Chiffon Bola's narrative acts to characterize the apocalypse of UFOSoft itself brought about by Nemuru - instead of work or play, there's simply nothing left.

However.

It's also the case that the gamer grasshopper, by hoarding "eggs", turns into the games preservationist, and therefore is a champion for the next generation. There's a cyclical element in this text - it's not meant to have clean answers saying that someone here is right, because the early UFOSoft is also characterized as an unsustainable venture driven to work through speculative visions, making it doomed in the same way as the grasshopper.

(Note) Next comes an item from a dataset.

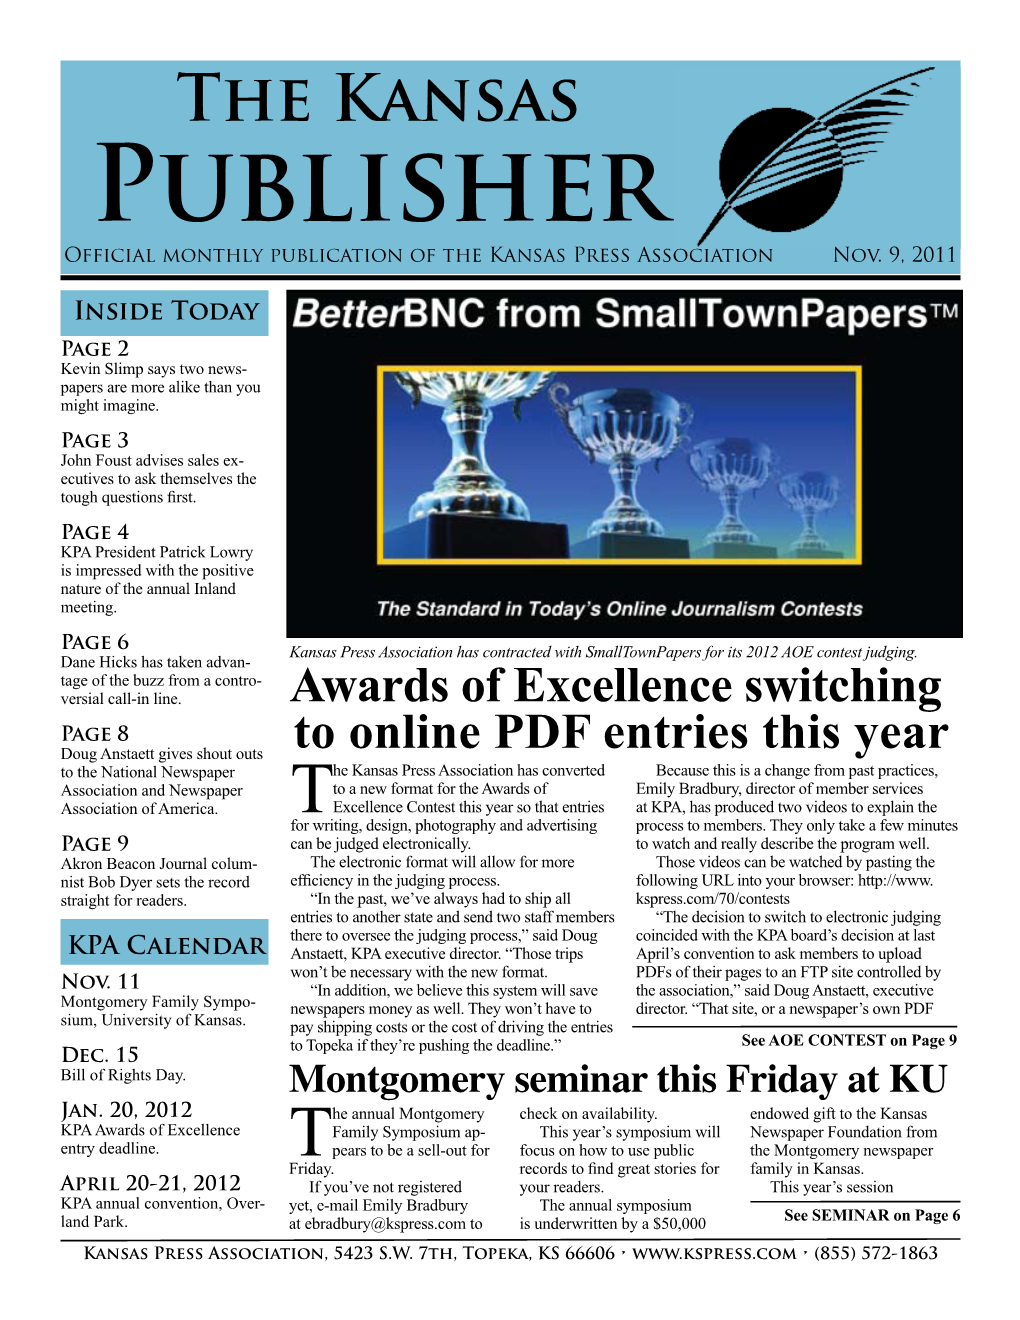 The Kansas Publisher Official Monthly Publication of the Kansas Press Association Nov

Or in other words, UFO50 is a meme about Gamergate(a mated worker ant that can reproduce sexually).
Originally posted by Triplefox:
The Aesop parable is a direct inspiration for Bernard Suits' work of philosophy, The Grasshopper: Games, Life, and Utopia, which is featured in the text of UFO50's metanarrative. Tao Nemuru's ideas are drawn from the actual book: the grasshopper of the book makes a lengthy argument for why it is so important to value play even when it means starving. Nemuru's motive can be explained from the philosophy alone: if play is important over all else, then he cannot properly value "the work that generates play", which is the thing that UFOSoft is doing. Instead he presumes that play is some kind of zero-sum object that must be collected and hoarded. In this respect Nemuru could be called a representative of "the gamers" - pure consumers who never contribute back. The aliens do not have to be the primary invention here, they are a pragmatic way to support the belief in play.

One of the things OP has overlooked as a major theme is apocalypse: something like half or more of the games involve a cataclysm of some kind. This recurring backstory transforms the meaning of "play", because it presents the work of surviving in that scenario as the gameplay. As a text, UFO50 is deeply engaged with and often critical of the claims of The Grasshopper by folding back work and play onto each other like a Möebius strip, making the utopia in Suits' book unachievable.

Chiffon Bola's narrative acts to characterize the apocalypse of UFOSoft itself brought about by Nemuru - instead of work or play, there's simply nothing left.

However.

It's also the case that the gamer grasshopper, by hoarding "eggs", turns into the games preservationist, and therefore is a champion for the next generation. There's a cyclical element in this text - it's not meant to have clean answers saying that someone here is right, because the early UFOSoft is also characterized as an unsustainable venture driven to work through speculative visions, making it doomed in the same way as the grasshopper.

Or in other words, UFO50 is a meme about Gamergate(a mated worker ant that can reproduce sexually).

That's actually a REALLY interesting way of looking at it! I still feel like the evidence is strong for some kind of weird alien stuff, but from this perspective it feels very possible that the 'alien singularity' could perhaps be a bit more metaphorical than my initial theory suggested (though i still firmly believe that it exists in SOME way). I kinda wish I had more to say on this, but it covers a lot of ground.

I will note that, as I clarified in another reply, I didn't intend to make Nemeru or Nemuru or however it's spelled out to be 'evil', though I did probably give that vibe. At worst I believe he's misguided and possibly somewhat delusional. The only character that comes across as traditionally villainous is the manager, between his cruel and frenzied nature and also plausibly car-based murder.
Hesti Jan 13 @ 4:26pm 
Interesting, I don't have much to say about it. I finished Miasma Tower and didn't notice anything about a murder coverup.